Shakespeare, that most lyrical of lyricists, has created a play that is, in its
very architecture, musical.
Nobility
Looking at Cymbeline, we
might easily conclude that Shakespeare landed squarely on the side of nature
over nurture. His child-figures in the play-and the nature-nurture issue is
obviously most relevant to children-are predetermined, more or less, as
virtuous or not. And virtuousness, in Cymbeline, is determined on the
basis of an authentic nobility. Guiderius and Arvigarus, who have been raised
from infancy in rusticity, have inexplicable noble traits. They long to charge
into battle, to speak the sweet rhythms of the court. Indeed, they do these
things, without training, and are totally successful. Moreover, they recognize
Imogen, in her guise as Fidele, as possessing the same noble bearing as they.
Posthumus, too, to a lesser extent, has qualities of nobility that beam through
his peasant's garb during the battle with the Romans. This lesser extent, by
the way, befits his lesser noble status. He is a mere gentleman, though a
genuine one, whereas Guiderius, Arvigarus and Imogen are the children of the
King.
Then there is Cloten. It is unknown
who Cloten's father is-his ignoble nature suggests, perhaps, even without
saying it, that he is a bastard-and his mother is another ignoble noble. Yet as
the play begins he is a prince, next in line after Imogen for the throne.
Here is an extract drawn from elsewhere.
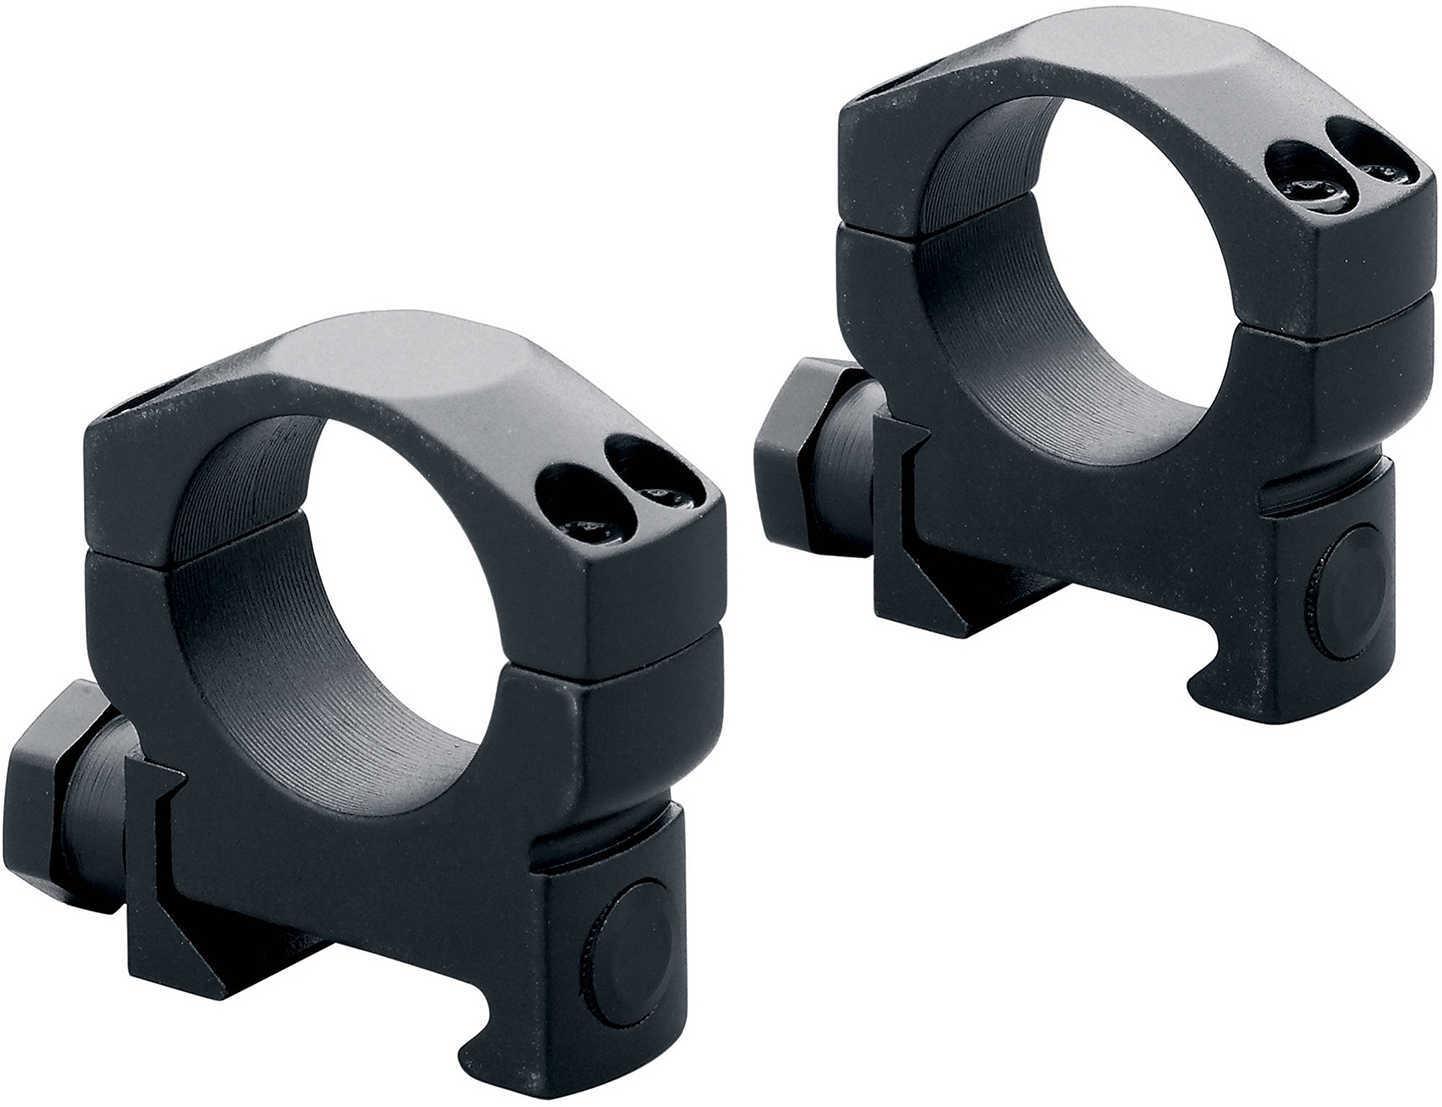 Leupold Mark 4 Picatinny-Style Rings, 35mm Super High, Matte Black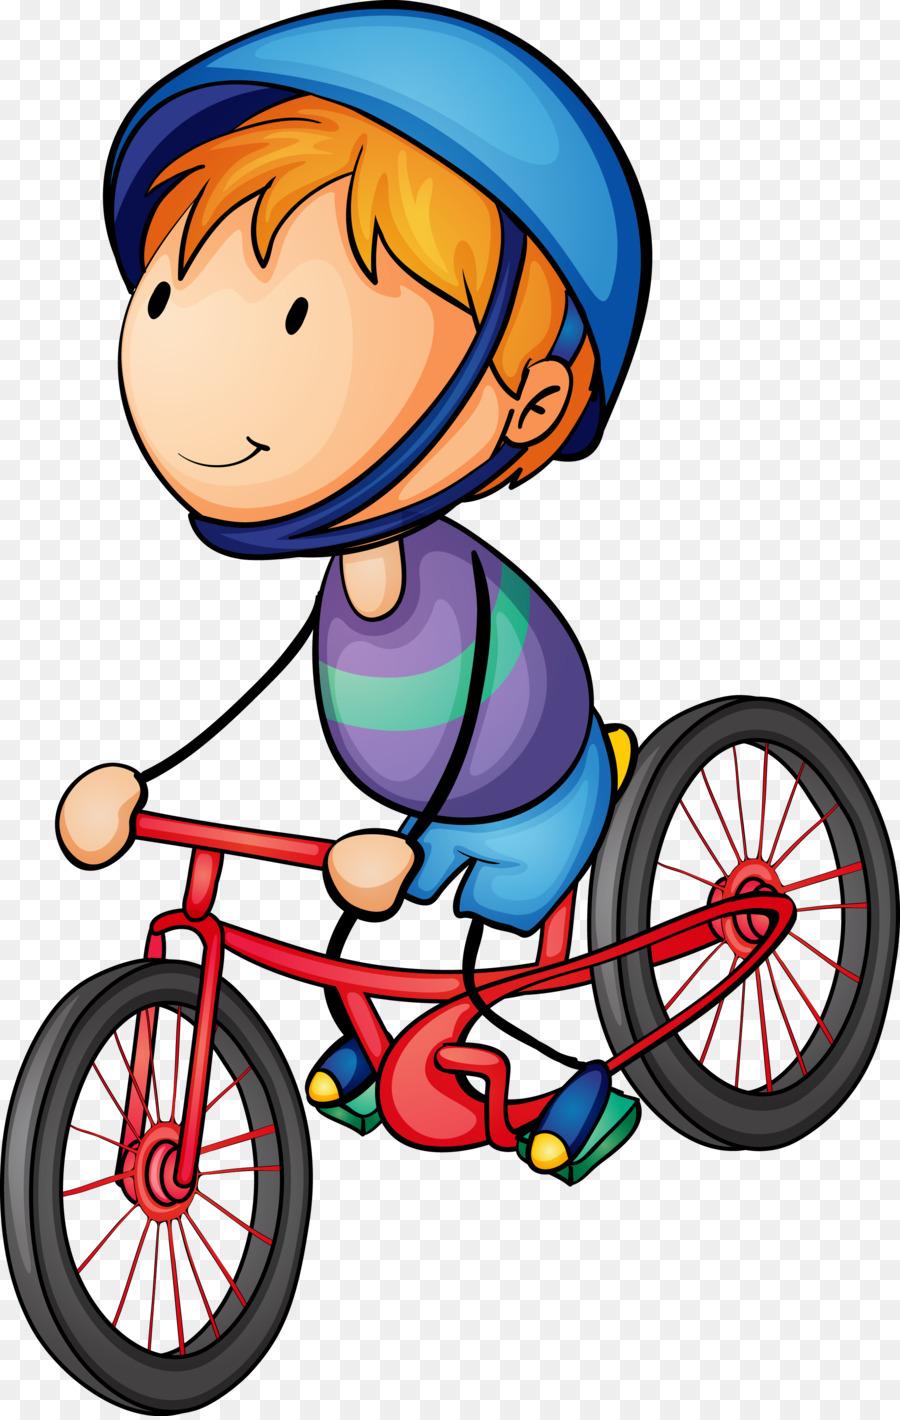 Fahrrad Rad Royalty free clipart.

Nevertheless, his nobility is not genuine. He lacks regal comportment, completely
fails in the games of nobility, and does not appeal to the impeccable nose for
nobility of Imogen. Even the sycophantic nobles who follow him around do so in
part to make fun of him; he commands no respect. Cloten is noble in appearance
only; as Shakespeare suggests (much to the pleasure of his patron, King James,
we can imagine), true nobility cannot be learned. It is not a matter of
nurture. It is a simple matter of blood.